July 28th, 2020
VIA EDGAR TRANSMISSION
Ms. Yolanda Guobadia
U.S. Securities and Exchange Commission
Division of Corporation Finance
100 F Street, NE
Washington, DC 20549
Re: | Petróleo Brasileiro S.A.–Petrobras |
| Form 20-F for Fiscal Year Ended December 31, 2019 |
Dear Ms. Guobadia:
By letter dated July 14, 2020, you provided certain comments on the annual report on Form 20-F of Petróleo Brasileiro S.A. – Petrobras (the “Company,” “Petrobras” or “we”) for the year ended December 31, 2019 (the “2019 Form 20-F”). This letter sets forth our responses to these comments. For your convenience, we have reproduced the comments below in italics and have provided responses immediately below each comment.

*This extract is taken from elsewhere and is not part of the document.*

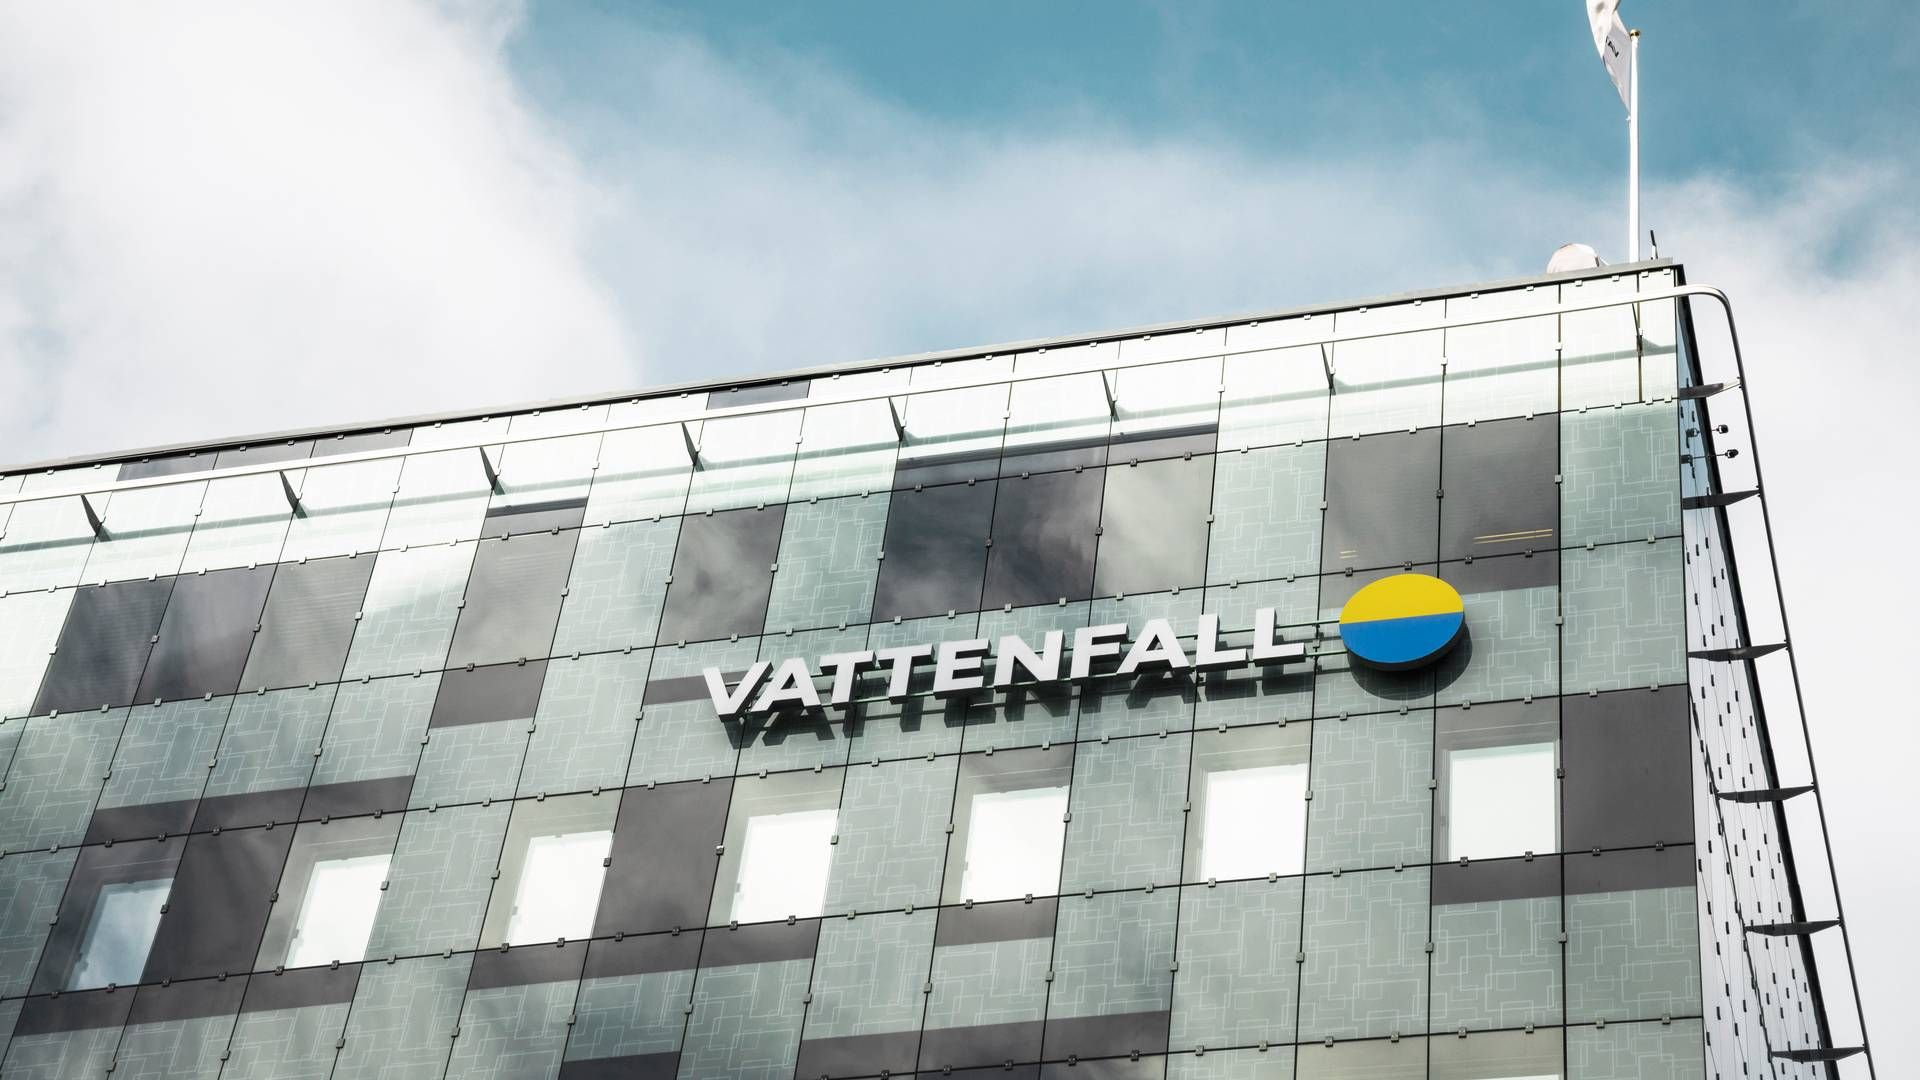 Vattenfall will probably have new bord members after the general meeting on April 26. | Photo: Vattenfall

Comment 1: Segments Financial Performance, page 135
In your analysis of segment financial performance you attribute changes in net income, operating income and costs to a combination of several different factors. When multiple factors contribute to changes in segment results, please quantify each material factor to provide investors with better insight into the underlying reasons for the changes in your results. Refer to Instruction 4 to Item 303(a) of Regulation S-K and Section III.D of Release No. 33-6835.
Response:
We explain below each material factor that contributed to changes in net income, operating income and costs, per each of our main business segments. In response to the staff’s comment, we intend to quantify each material factor that contributes to changes in segment results in future filings.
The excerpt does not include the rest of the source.